[Work request] Any picture in the material should be left out, while all other lines are copied exactly.

[Recorded data]

# # # # #

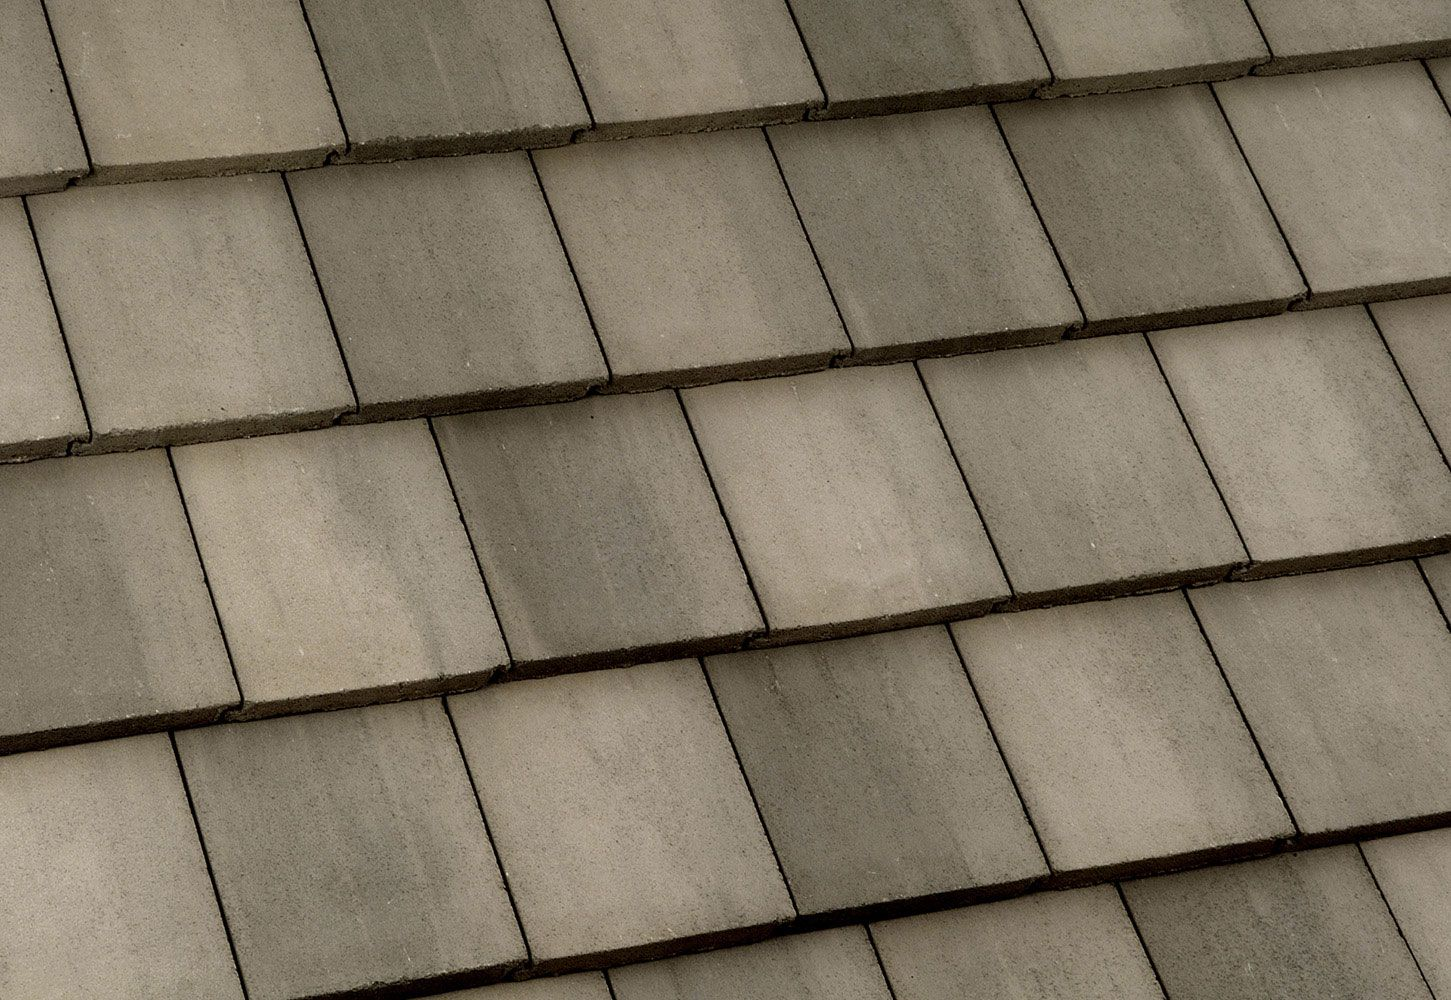 Brown Gray Range Concrete Roof Tiles Roofing Concrete Tiles
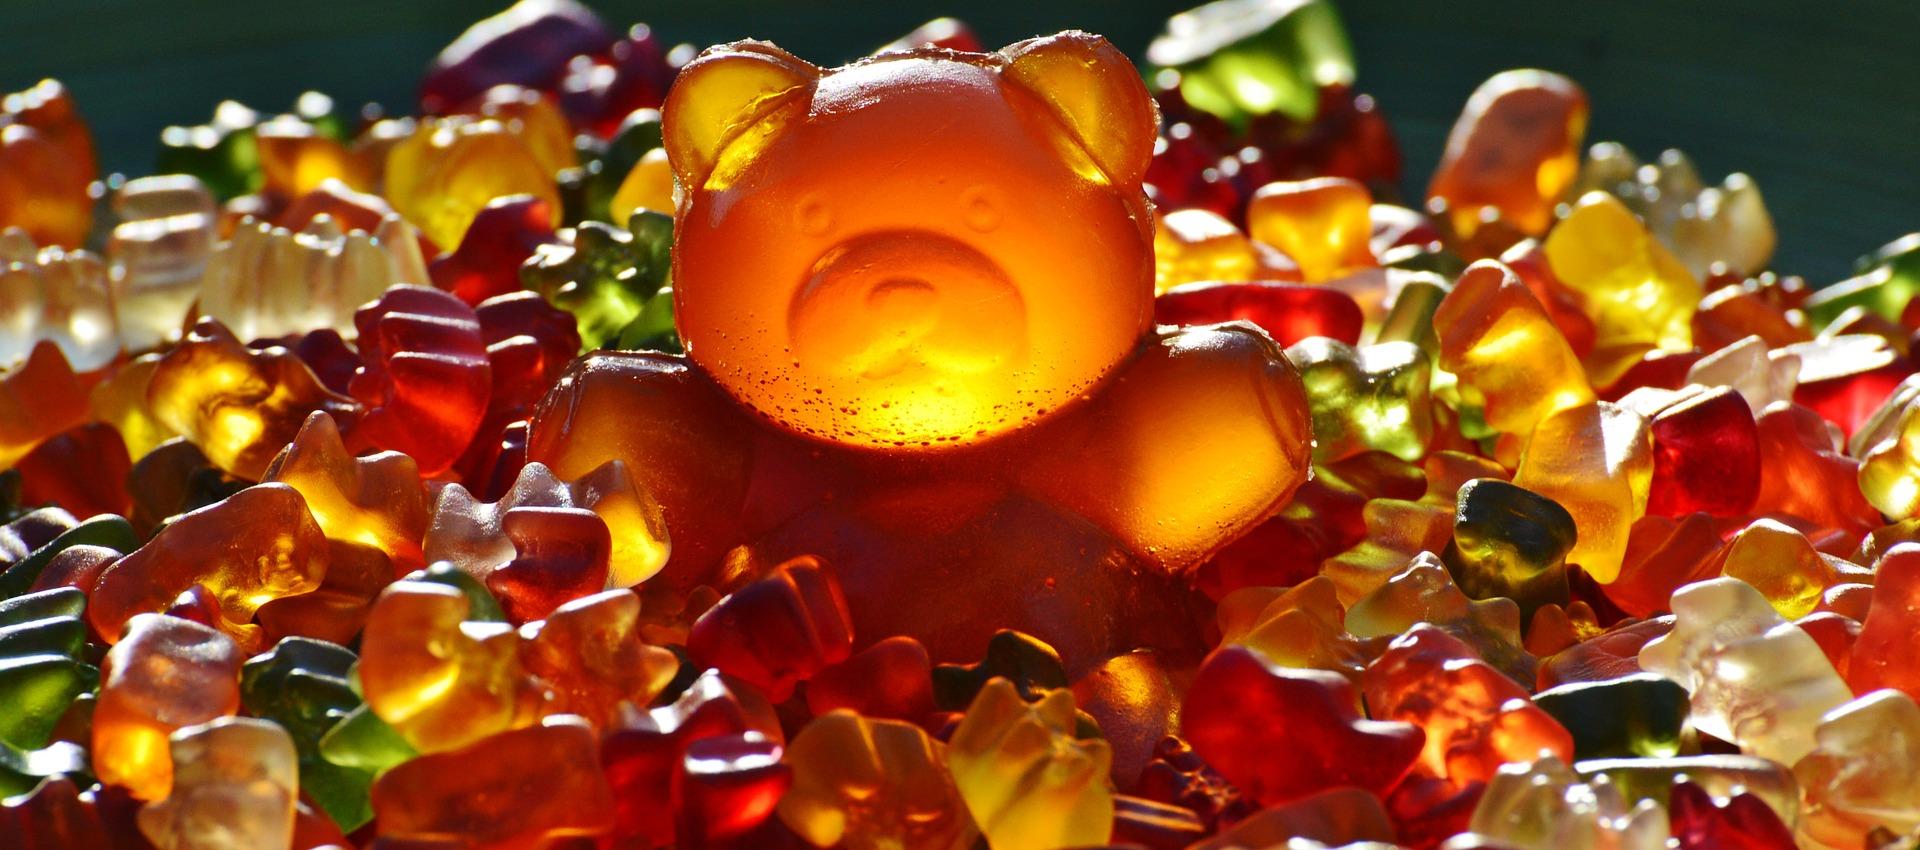 An enormous gummy bear surrounded by tiny gummy bears.
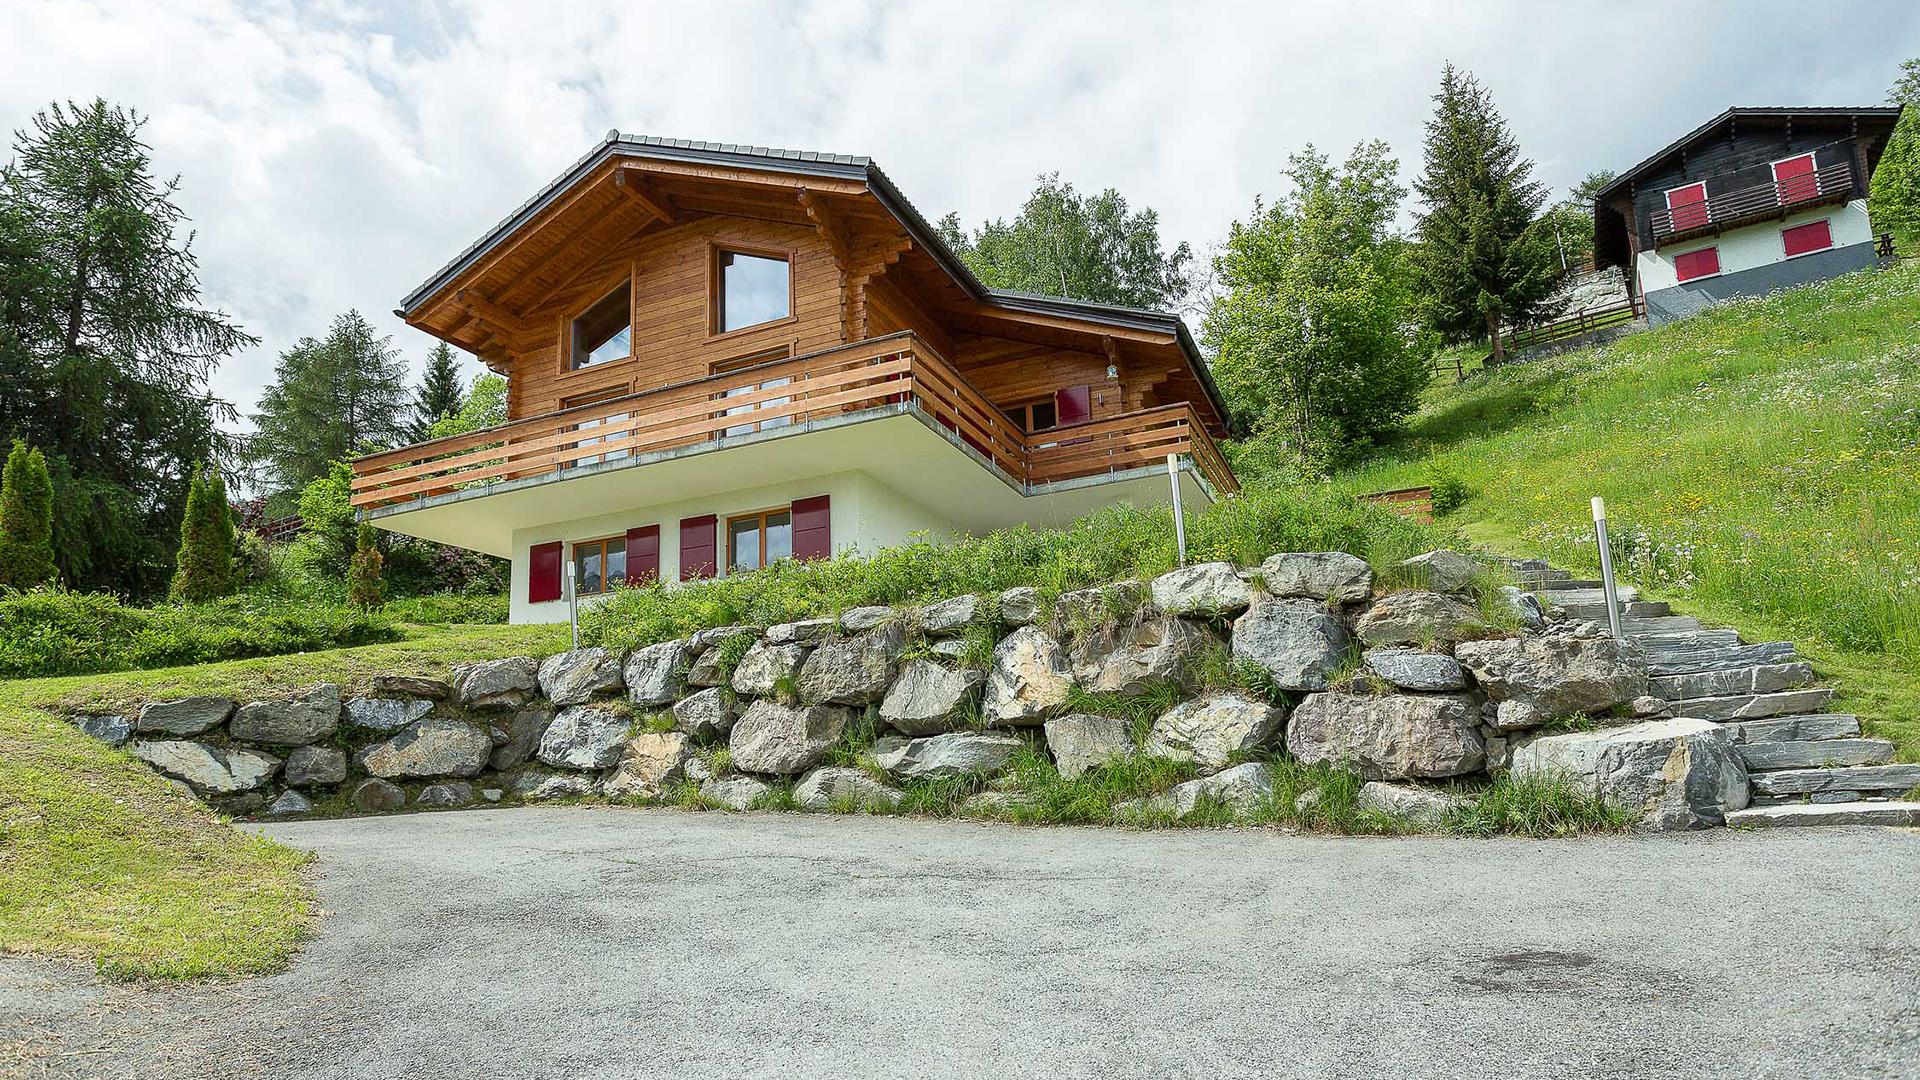 Les Crus Chalet, Switzerland

# # # # #

[Written response]
 Brown Gray Range Concrete Roof Tiles Roofing Concrete Tiles
 An enormous gummy bear surrounded by tiny gummy bears.
 Les Crus Chalet, Switzerland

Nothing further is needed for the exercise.